■ **Task brief**: Would you retype exactly the lines from the one holding "Kitchen backsplash with oak cabinets" through the last line of the listing, and only those, without pictures?

■ **Exercise data**:
###
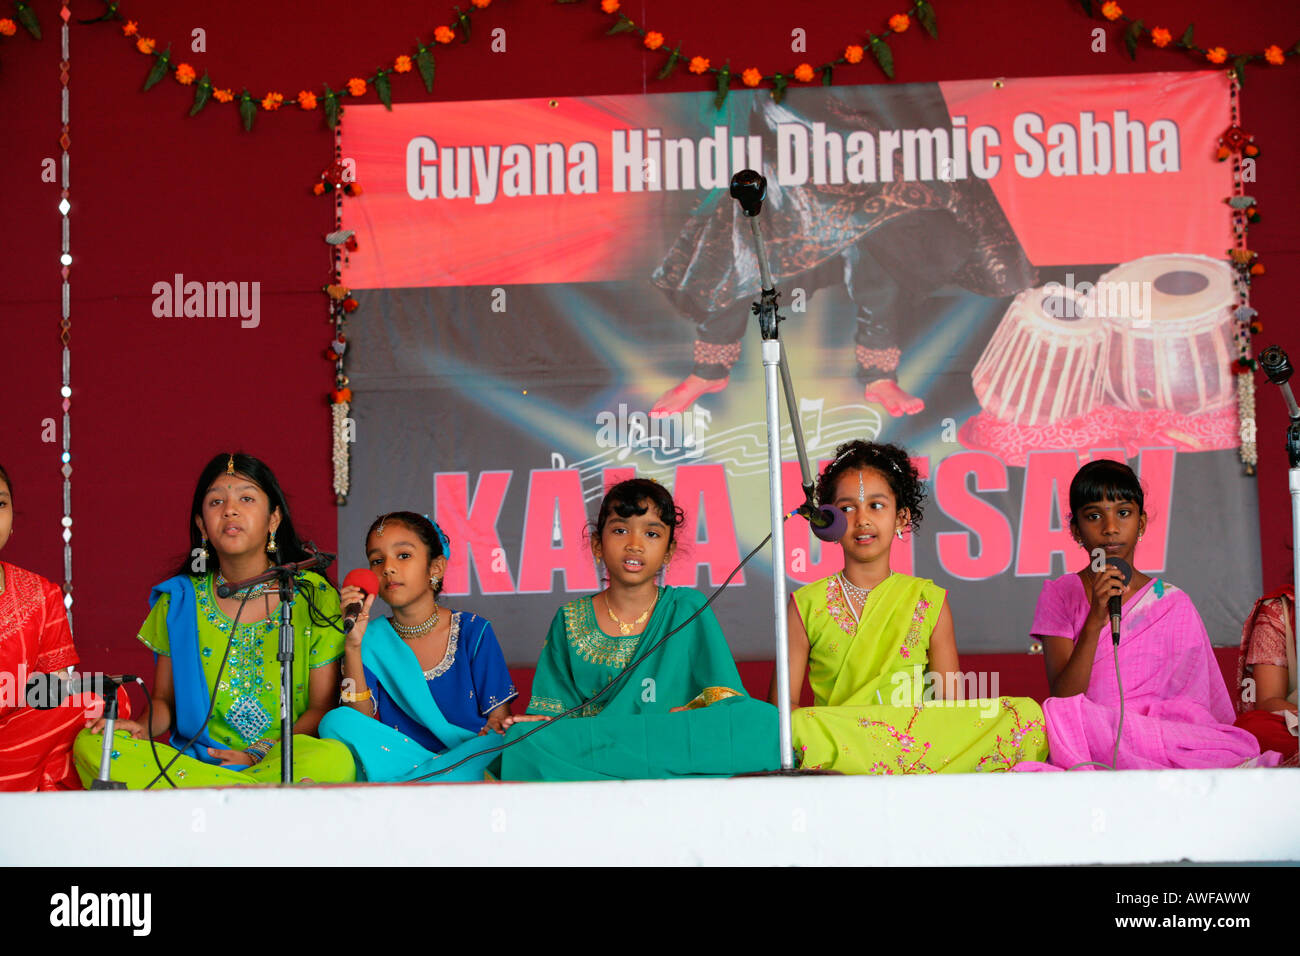 Músicos de etnia india en un festival hindú, Georgetown, Guyana, Sudamérica Foto de stock
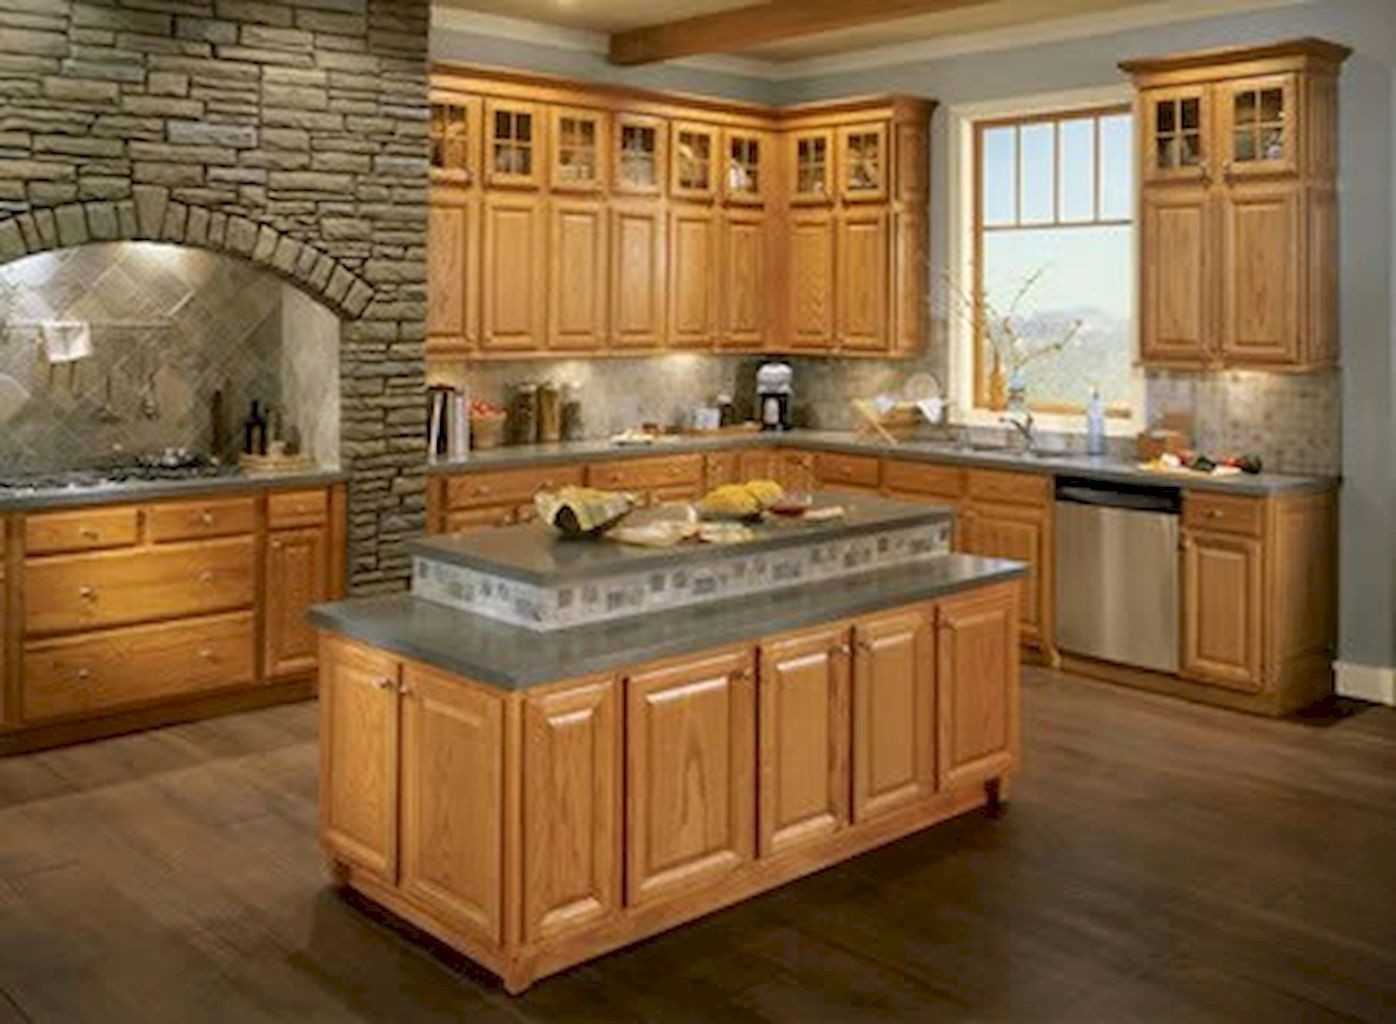 Kitchen backsplash with oak cabinets
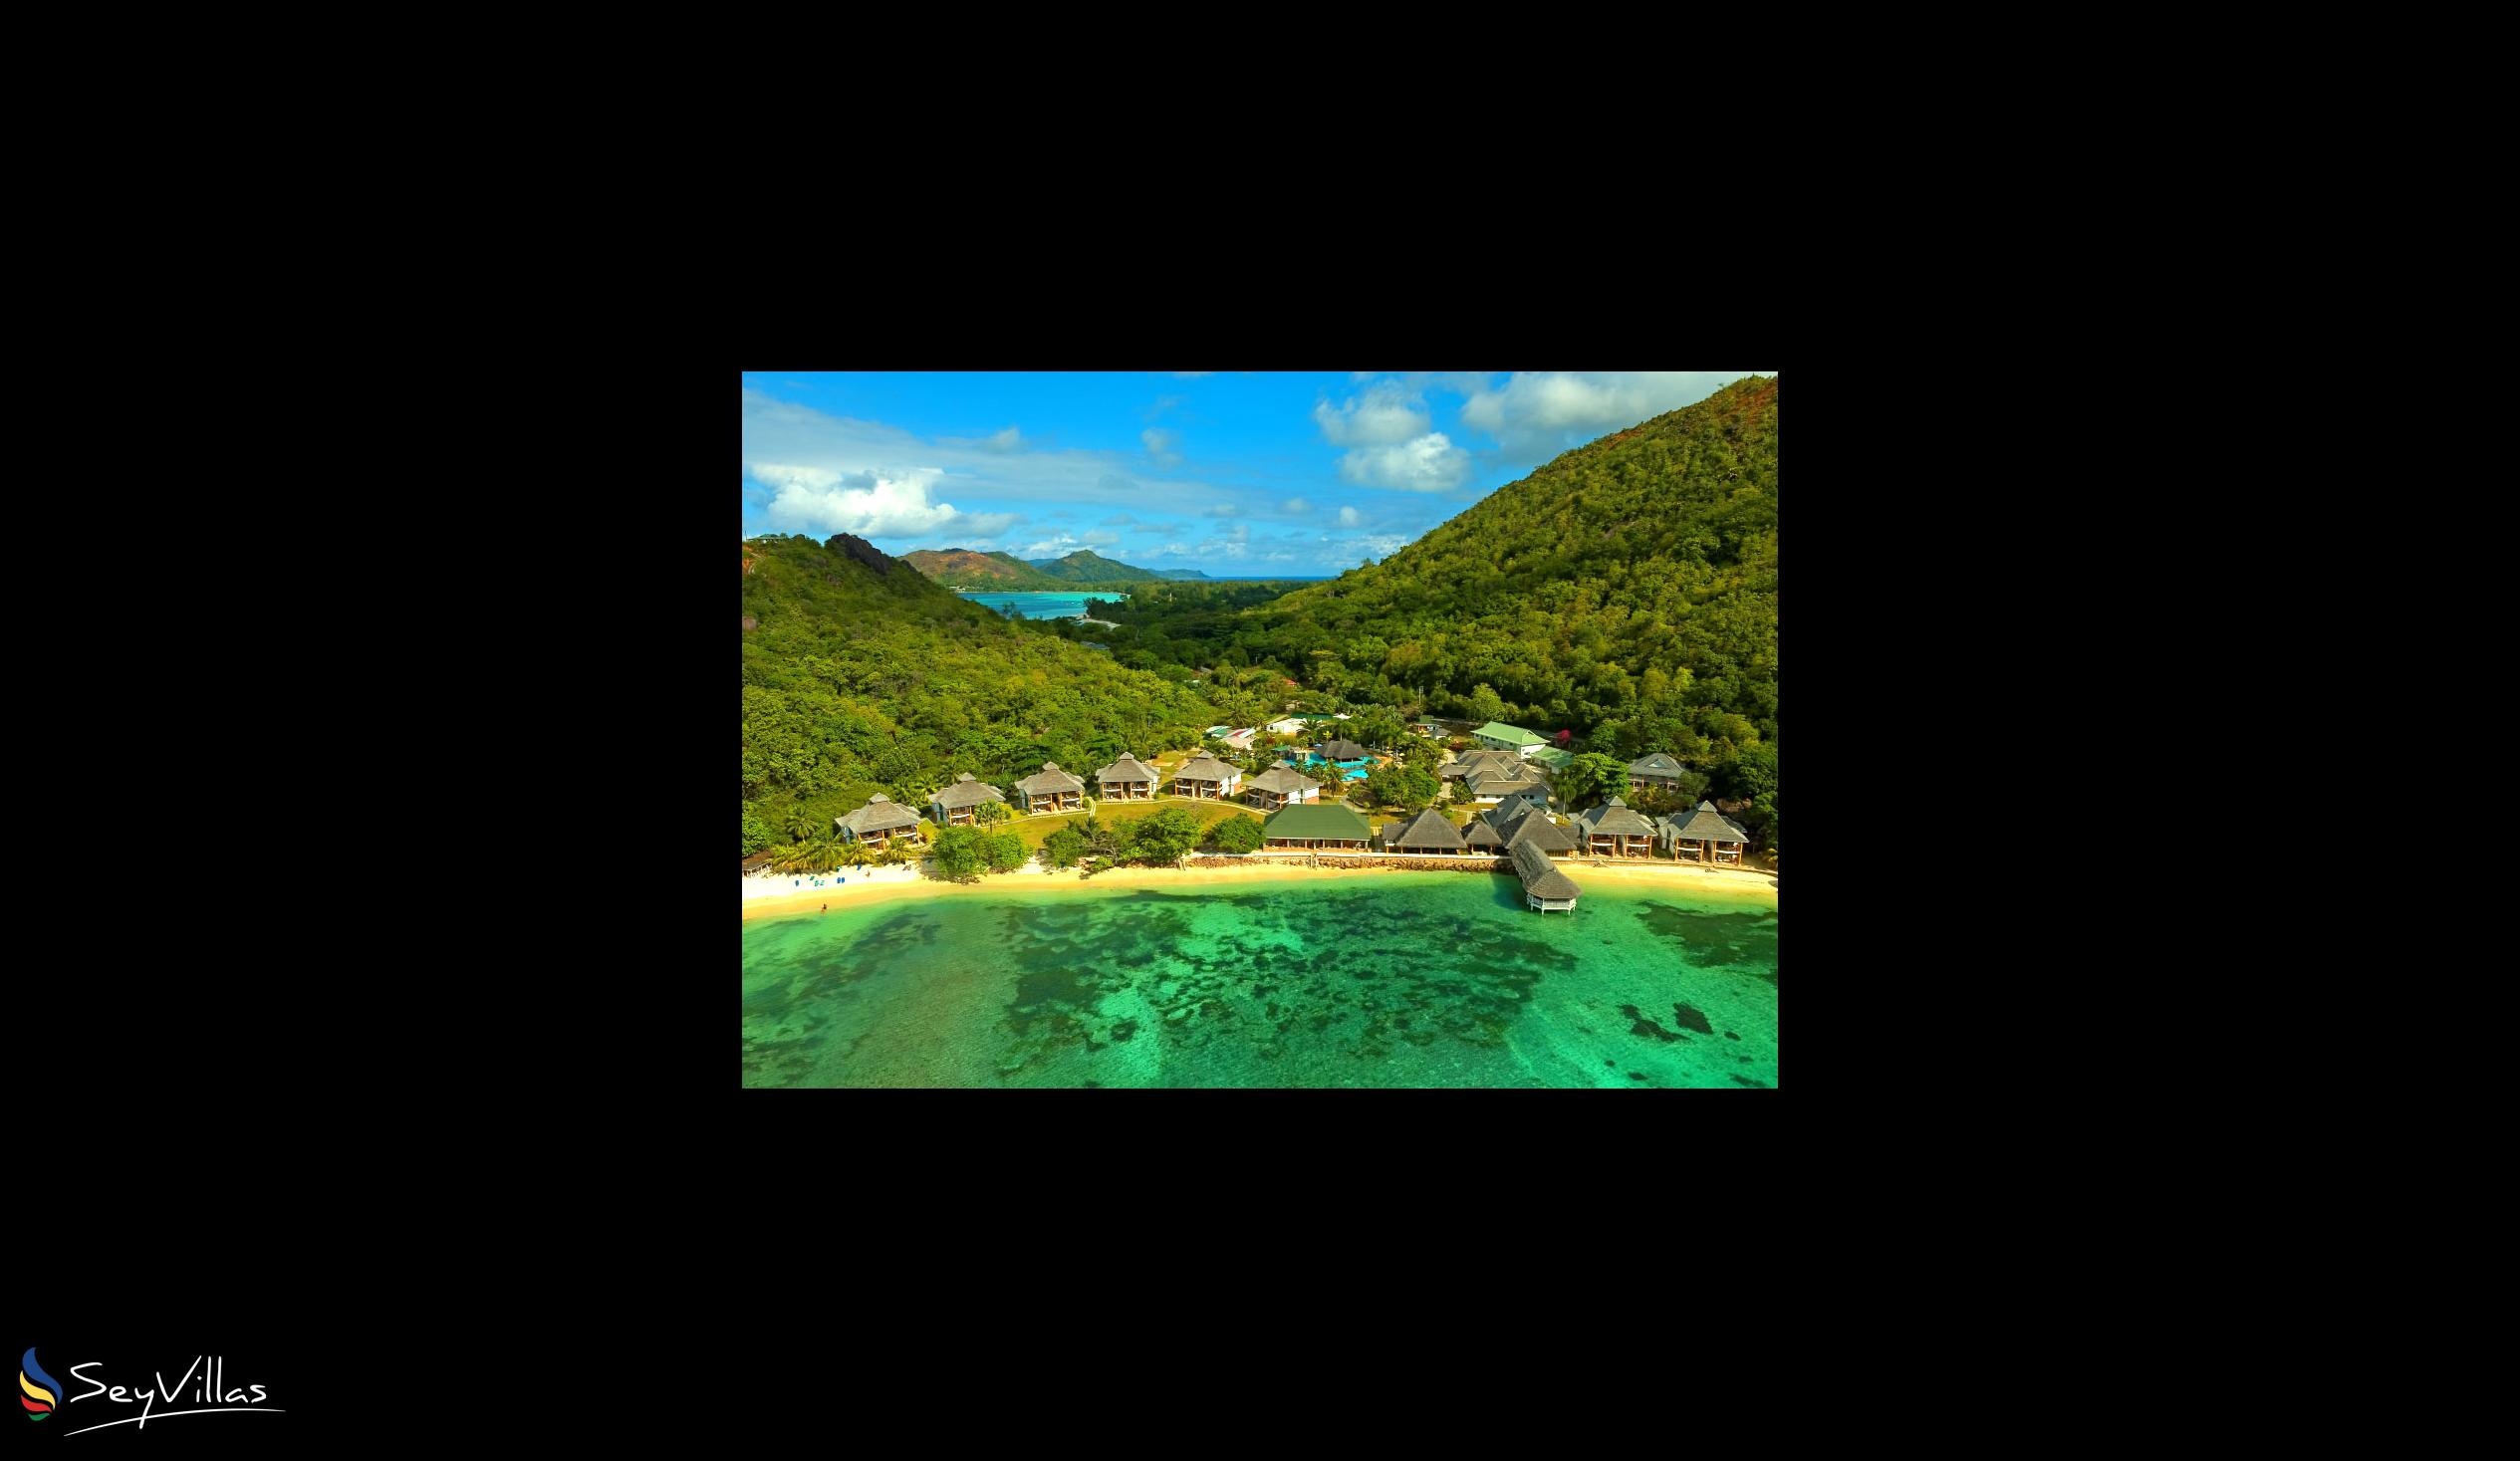 Photo 7: Le Domaine de La Reserve - Outdoor area - Praslin (Seychelles)
###
■ **Exercise output**:
 Kitchen backsplash with oak cabinets
 Photo 7: Le Domaine de La Reserve - Outdoor area - Praslin (Seychelles)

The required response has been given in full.